Press "Enter" to skip to content

How to Install Kafka on Ubuntu 16.04

Install Kafka on Ubuntu

Introduction

Apache Kafka is a distributed message broker designed to handle large volumes of real-time data efficiently. Unlike traditional brokers like ActiveMQ and RabbitMQ, Kafka runs as a cluster of one or more servers which makes it highly scalable and due to this distributed nature it has inbuilt fault-tolerance while delivering higher throughput when compared to its counterparts. In this guide, we will discuss steps to setup Kafka on Ubuntu 16.04

Step 1. Install Java

Kafka is written in Java and Scala and requires jre 1.7 and above to run it. In this step, we will ensure Java is installed.

sudo apt-get update
sudo apt-get install default-jre

Step 2. Install Zookeeper

ZooKeeper is a centralized service for maintaining configuration information, naming, providing distributed synchronization, and providing group services. Kafka uses Zookeeper for maintaining heart beats of its nodes, maintain configuration, and most importantly to elect leaders.

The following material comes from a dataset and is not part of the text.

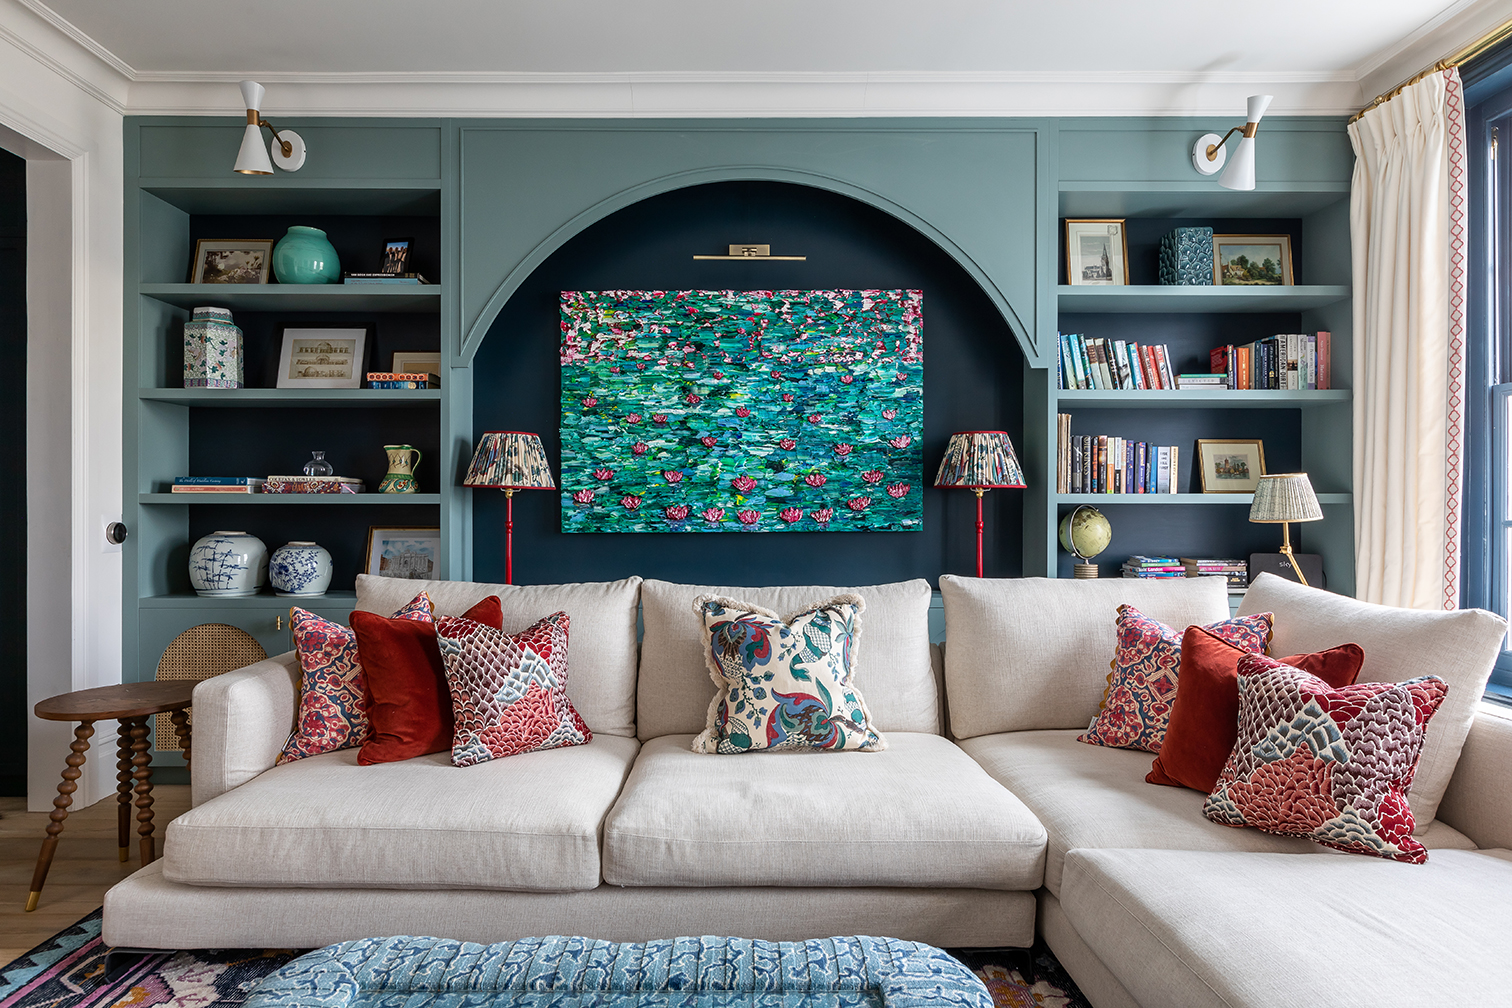 sectional sofa in front of teal arched niche

sudo apt-get install zookeeperd

we will now check if Zookeeper is alive and if it’s OK 😛

telnet localhost 2181

at Telnet prompt, we will enter

ruok

(are you okay) if it’s all okay it will end telnet session and reply with

imok

Step 3. Create a service User for Kafka

As Kafka is a network application creating a non sudo user specifically for Kafka minimizes the risk if the machine is to be compromised.

sudo adduser --system --no-create-home --disabled-password --disabled-login kafka

Step 4. Installing Kafka

Download Kafka

cd ~
wget "http://www-eu.apache.org/dist/kafka/1.0.1/kafka_2.12-1.0.1.tgz"

Optionally check the integrity of the downloaded file

curl http://kafka.apache.org/KEYS | gpg --import
wget https://dist.apache.org/repos/dist/release/kafka/1.0.1/kafka_2.12-1.0.1.tgz.asc
gpg --verify kafka_2.12-1.0.1.tgz.asc kafka_2.12-1.0.1.tgz

Create a directory for extracting Kafka

sudo mkdir /opt/kafka
sudo tar -xvzf kafka_2.12-1.0.1.tgz --directory /opt/kafka --strip-components 1

Optionally delete Kafka tarball and .asc file

rm -rf kafka_2.12-1.0.1.tgz kafka_2.12-1.0.1.tgz.asc

Step 5. Configuring Kafka Server

Kafka persists data to disk so we will now make a directory for it.

sudo mkdir /var/lib/kafka
sudo mkdir /var/lib/kafka/data

open /opt/kafka/config/server.properties in your favourite editor.

sudo nano /opt/kafka/config/server.properties

By default, Kafka doesn’t allow us to delete topics. To be able to delete topics, find the line and change it.

delete.topic.enable = true

next, we will change log directory

 log.dirs=/var/lib/kafka/data

Kafka auto-deletes oldest logs after a particular time period or after logs reach a certain size. To adjust it according to the time change the line below.

log.retention.hours=168  #other accepted keys are(log.retention.ms, log.retention.minutes) 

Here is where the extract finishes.